I took notes so that I would remember and also to make him feel validated. He replied:
1. My friend taking the green lightsaber
2. My friend taking my red lightsaber
3. My friend taking my lightsaber and his and making a double lightsaber
He whimpered as he told me of his lightsabers loved and lost.
As he spoke, I traced the scar on his wrist from the mirrored coffee table incident of 2014. Love swelled in my chest. Though his problems may not be enormous to me, they are to him, and I reminded myself to remind myself, so to speak.
“Now can you think of the three best parts of today?” I tried, again.
1. Playing with my friend after school
2. Playing with my superhero Avengers toys
3. Playing with my Bat Cave
“What are 3 things that you are looking forward to tomorrow?” I continued, grateful that he was opening up.
1. Being the door holder again at school
2. Cleaning up at home (Editor’s Note: What?!?)
3. Playing with the fire truck toy at school
And number three did exactly what I was hoping that it would do. It got him really talking, regaling me with stories about the games that he has invented with his buddies at school. He loves his one little friend, with whom he has been in class since he was a little toddler, and told me, tonight, “I really like him. He is my friend. And he likes PJ Mask. He also told me that he doesn’t like the Power Rangers movie, but he likes the Power Rangers game. And we have an idea and he wants to be Catboy and someone else who I don’t know yet will be Owlette and I want to be Gekko.”
Once again, I had my sweet boy back. The one who comes down almost every night to “talk about fings” with me, just to get a little extra cuddle time in, as he knows that I will never refuse. The boy who loves his sister fiercely and only wants to sleep with her every night. Who even wants to share his love of Star Wars with her.
“Is there anything else that you want to talk about?” I asked him, preparing to tuck him in, get him “cozed”, as he calls it, and start to do the 27 other things that are on my plate for this evening.
“Mom? Can I tell you one more thing?”
“Of course,” I replied, half hoping that it would be one of his signature, “You’re the best” lines.
“I know one more thing that made me sad. I didn’t like it when the girls told me to turn off the sound on my lightsaber today. It is the Kylo Ren lightsaber and he’s a bad guy, but I really wanted to play it.”
I kissed him goodnight, promising to return for one more snuggle before he fell asleep.

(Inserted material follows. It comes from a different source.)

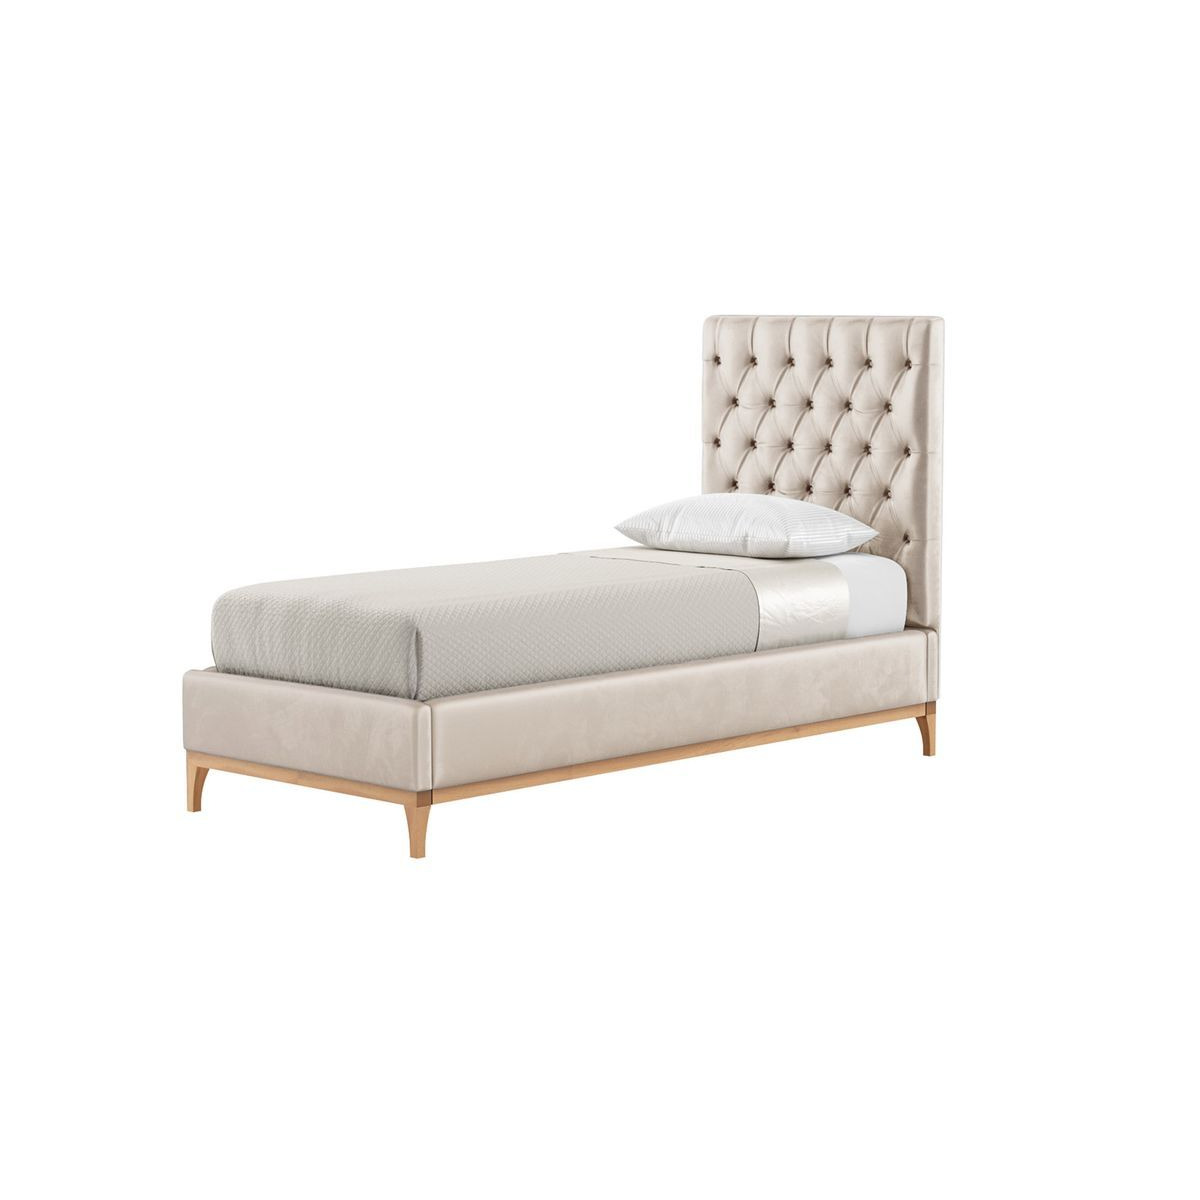 Marlon 3ft Single Bed Frame with luxury deep button quilted headboard, light beige, Leg colour: like oak - image 1

After all of this evening’s lightsaber talk, I decided that I needed to read up a bit. In looking up the actual definition (because, truth be told, when I started to write this post I spelled it “Light Sabor” because that is how little I know), I found that a lightsaber is, “a fictional energy sword…that projects a brightly lit energy blade.” Don’t ask me who uses a lightsaber as a weapon (Jedis? Darth Vader? I have no idea!) but it’s energy blade “can cut, burn, and melt through most substances with little resistance.”
So, basically, it is pretty badass.
And that is when it hit me: My son is a human lightsaber. He is a force of nature; he has boundless energy; when he has his mind set on something, you do not want to get in his way;
he is light, to me.
He is the kid who gets grass stains on his knees (even in a mini tuxedo, I recently found out). He is the kid who puffs up his chests and defends himself or, more prominently, his sister. He is the kid who made me whole in a way that I did not expect.
He is the kid who, as I type, is singing with his sister, in bed, under the covers, before they fall asleep together, their long limbs tangled together in their slumber.
Today was a bit of a hard day. But, instead of leaning in to the upset we let it out, hopefully freeing him from all of his lightsaber related woes.
Who knows what tomorrow will bring, as if I have learned anything about this child it is to expect the unexpected.
But, now I have a new context. He is a beam of energy. He is powerful. He is strong. He has been through so much and is still tough as nails. He is a lightsaber.
And this little light(saber) of mine?
It is such an honor to watch him shine.